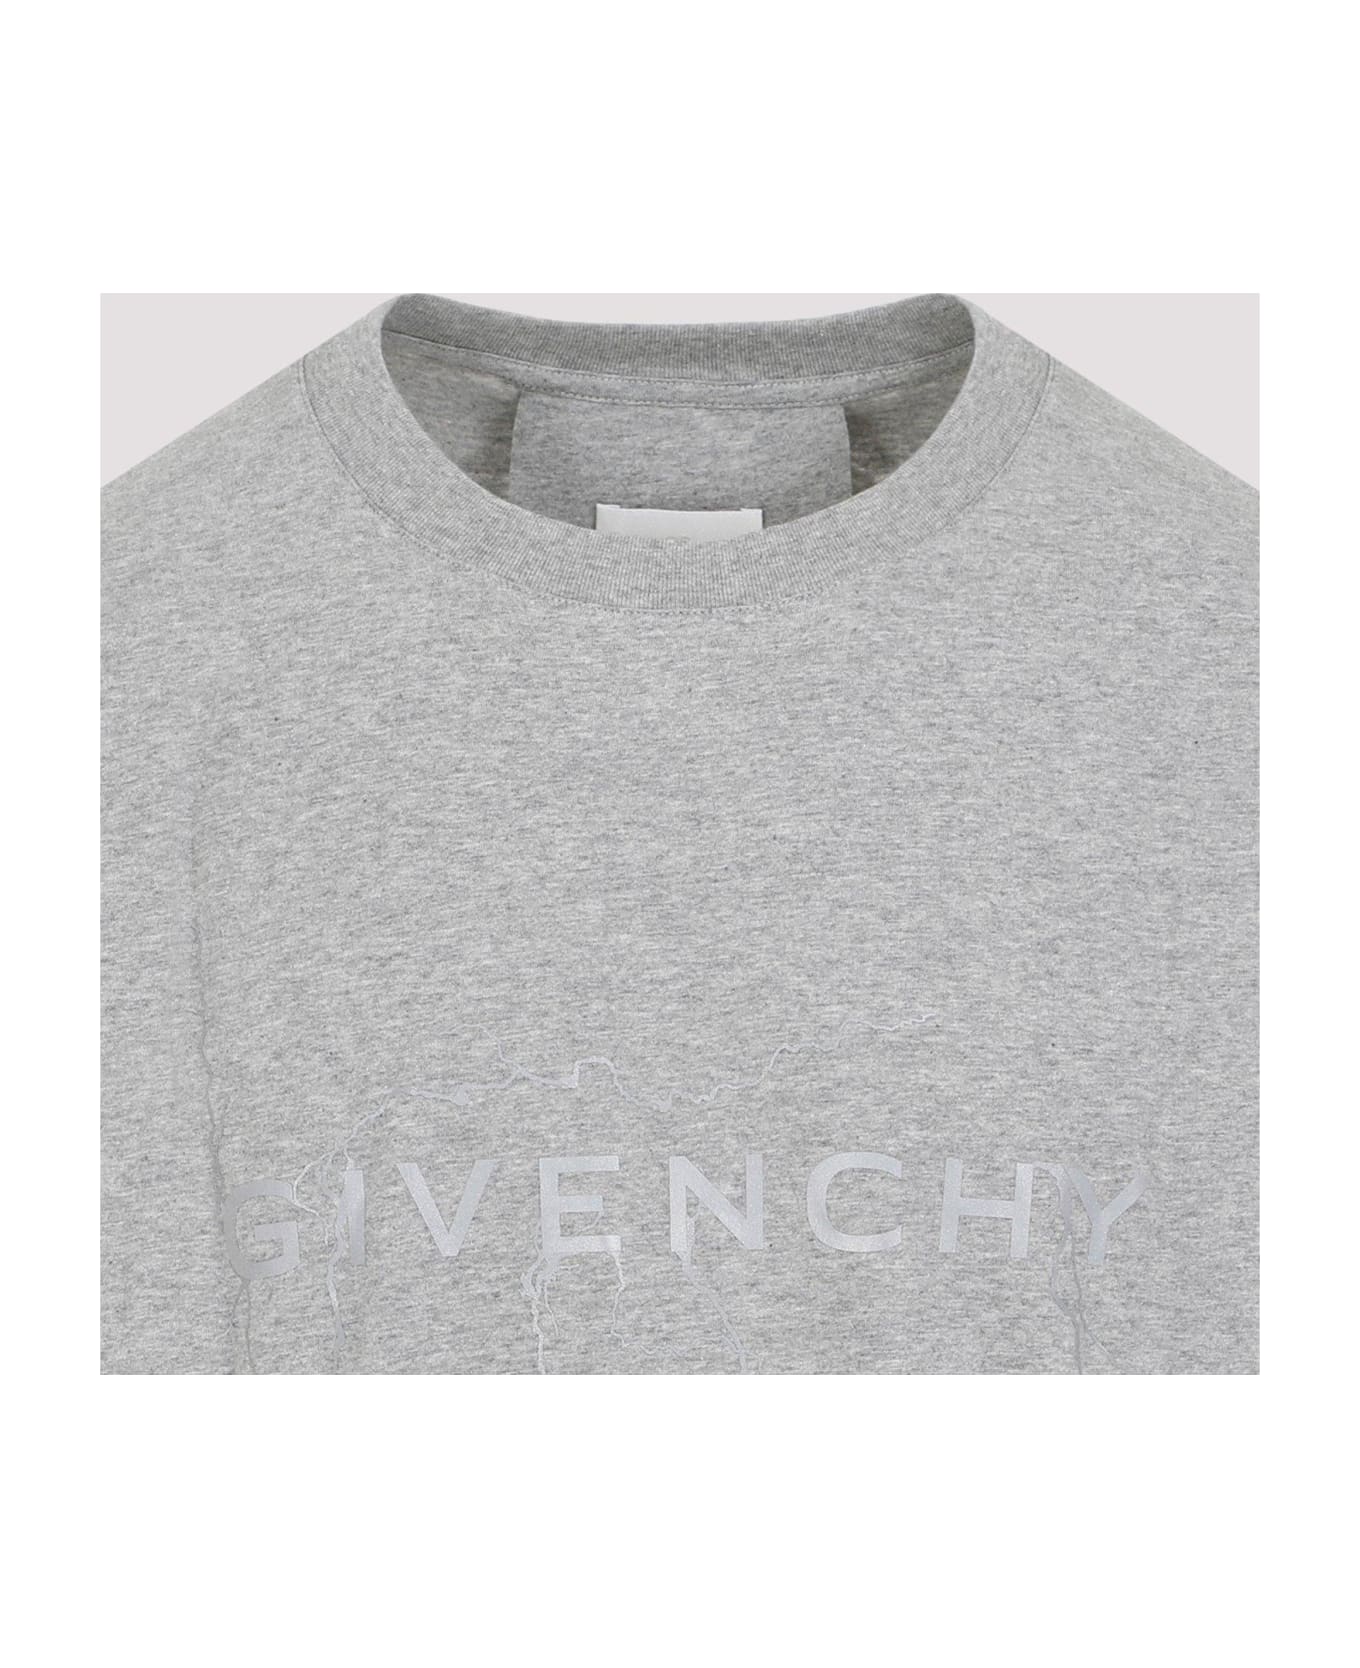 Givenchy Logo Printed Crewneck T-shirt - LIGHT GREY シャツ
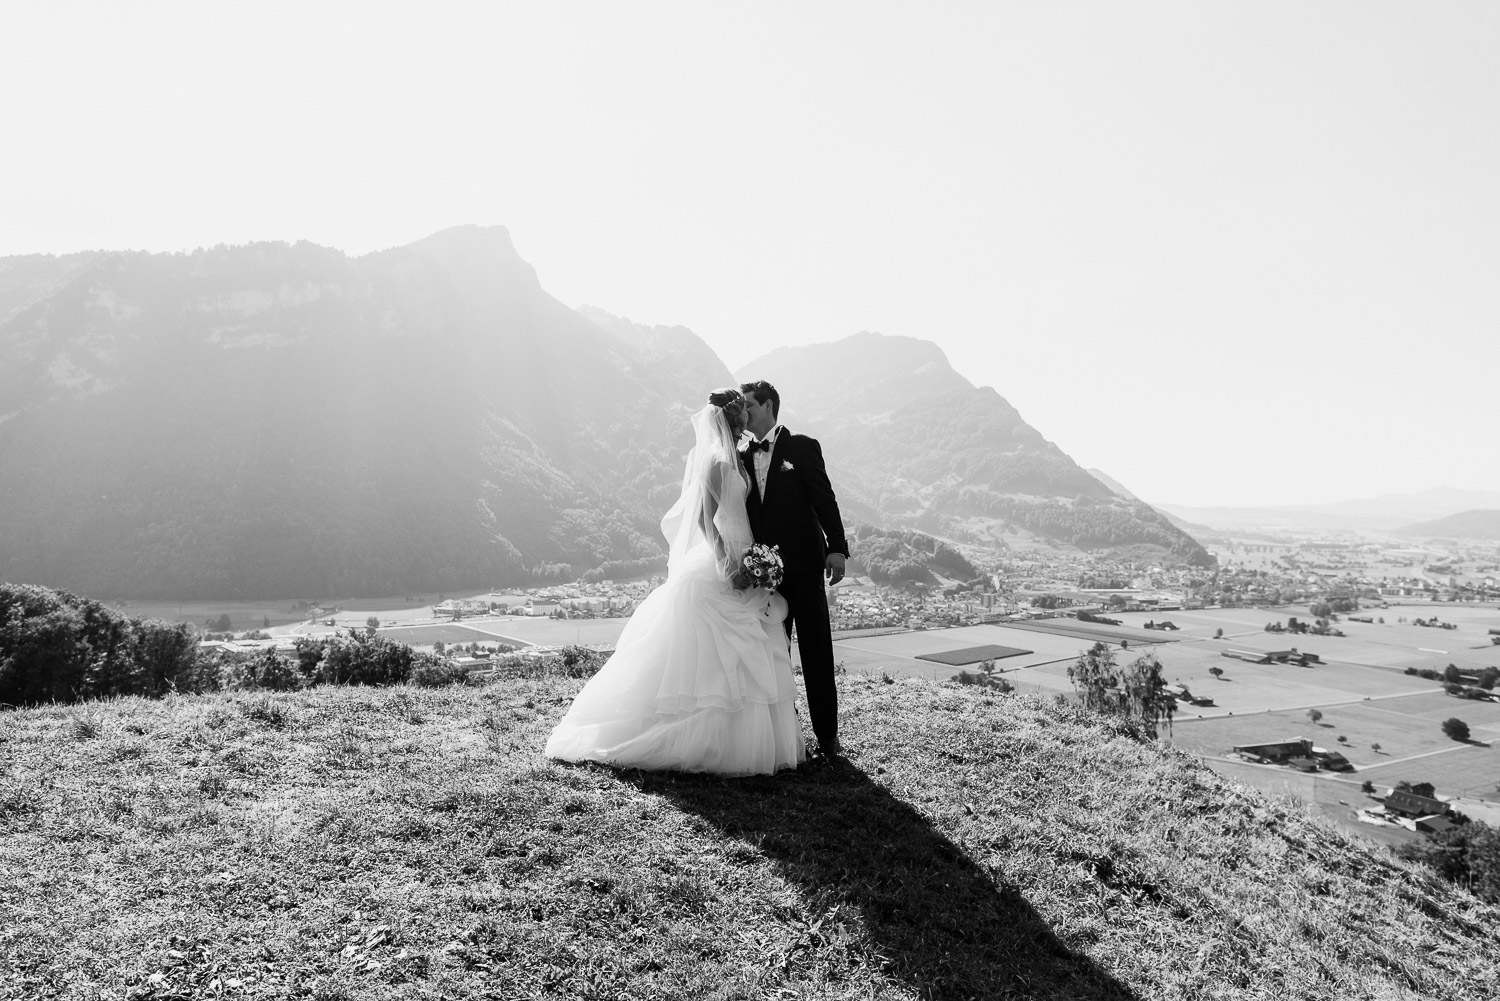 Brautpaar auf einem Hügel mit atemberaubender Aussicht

____________

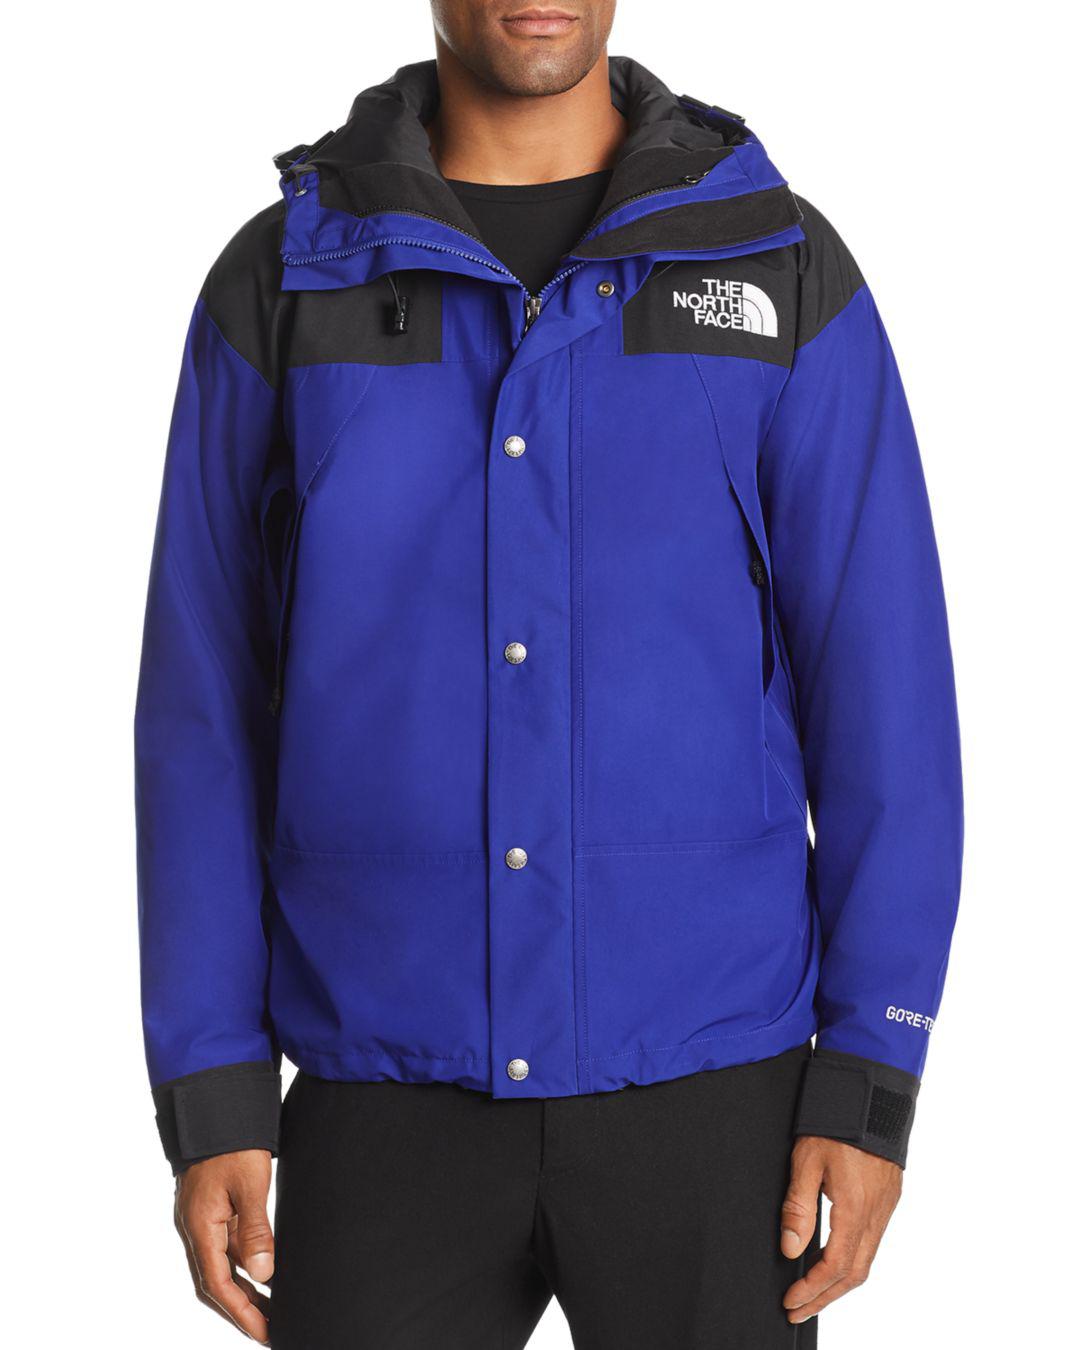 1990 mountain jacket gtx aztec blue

____________

* Work task: Within the material above, only the stretch from the line holding "Givenchy Logo Printed" through the line holding "Brautpaar auf einem" is to be restated exactly. Pictures are dropped.

* Task answer:
 Givenchy Logo Printed Crewneck T-shirt - LIGHT GREY シャツ
 Brautpaar auf einem Hügel mit atemberaubender Aussicht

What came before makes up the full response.